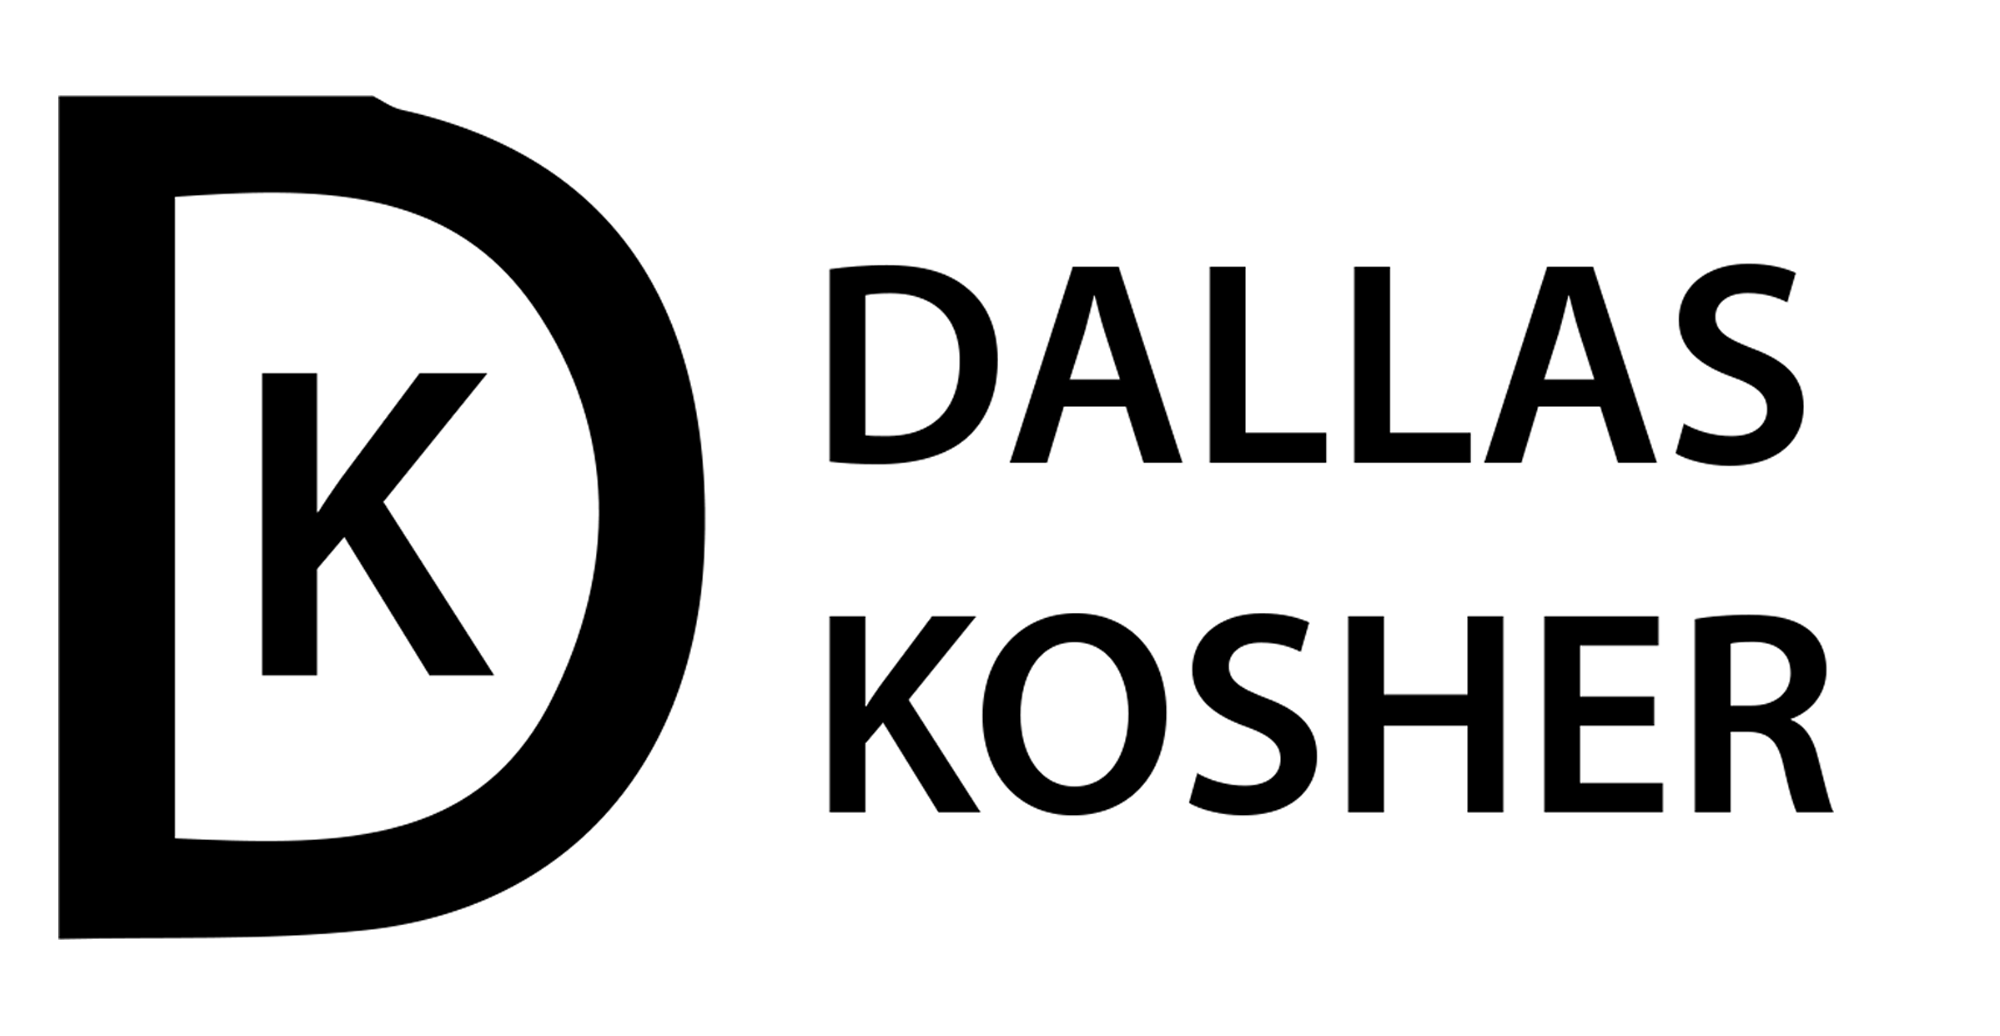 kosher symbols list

---

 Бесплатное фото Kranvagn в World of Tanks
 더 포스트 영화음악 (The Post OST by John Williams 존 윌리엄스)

* * *

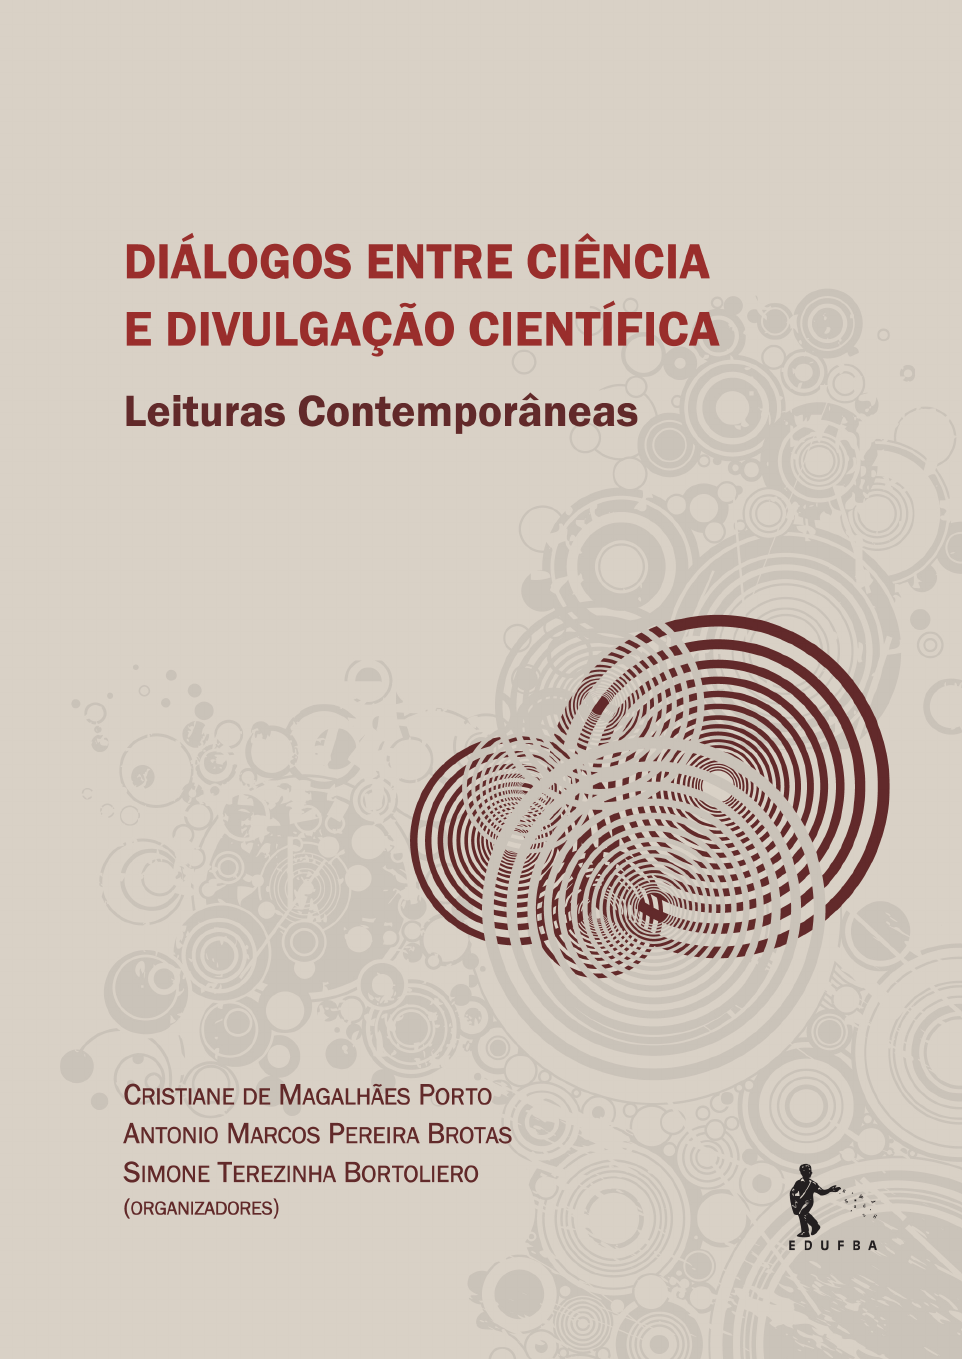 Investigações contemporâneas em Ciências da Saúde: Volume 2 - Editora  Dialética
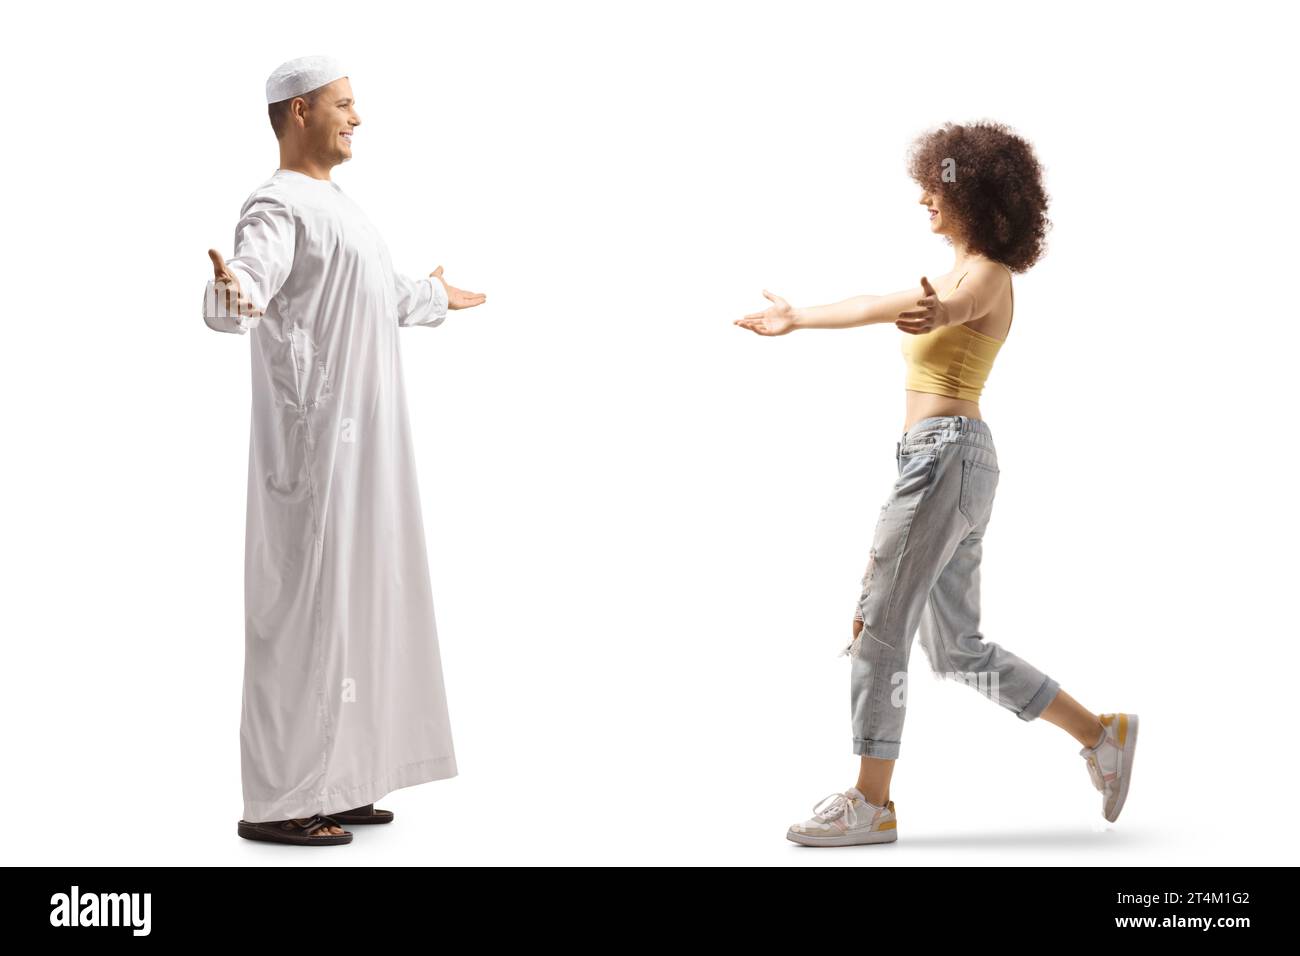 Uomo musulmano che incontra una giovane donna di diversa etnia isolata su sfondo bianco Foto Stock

Work to complete: Quote the data above exactly from the line with "Investigações contemporâneas em" to the line with "Uomo musulmano che", both ends counted, and nothing else. Pictures don't go in.

Task answer:
 Investigações contemporâneas em Ciências da Saúde: Volume 2 - Editora  Dialética
 Uomo musulmano che incontra una giovane donna di diversa etnia isolata su sfondo bianco Foto Stock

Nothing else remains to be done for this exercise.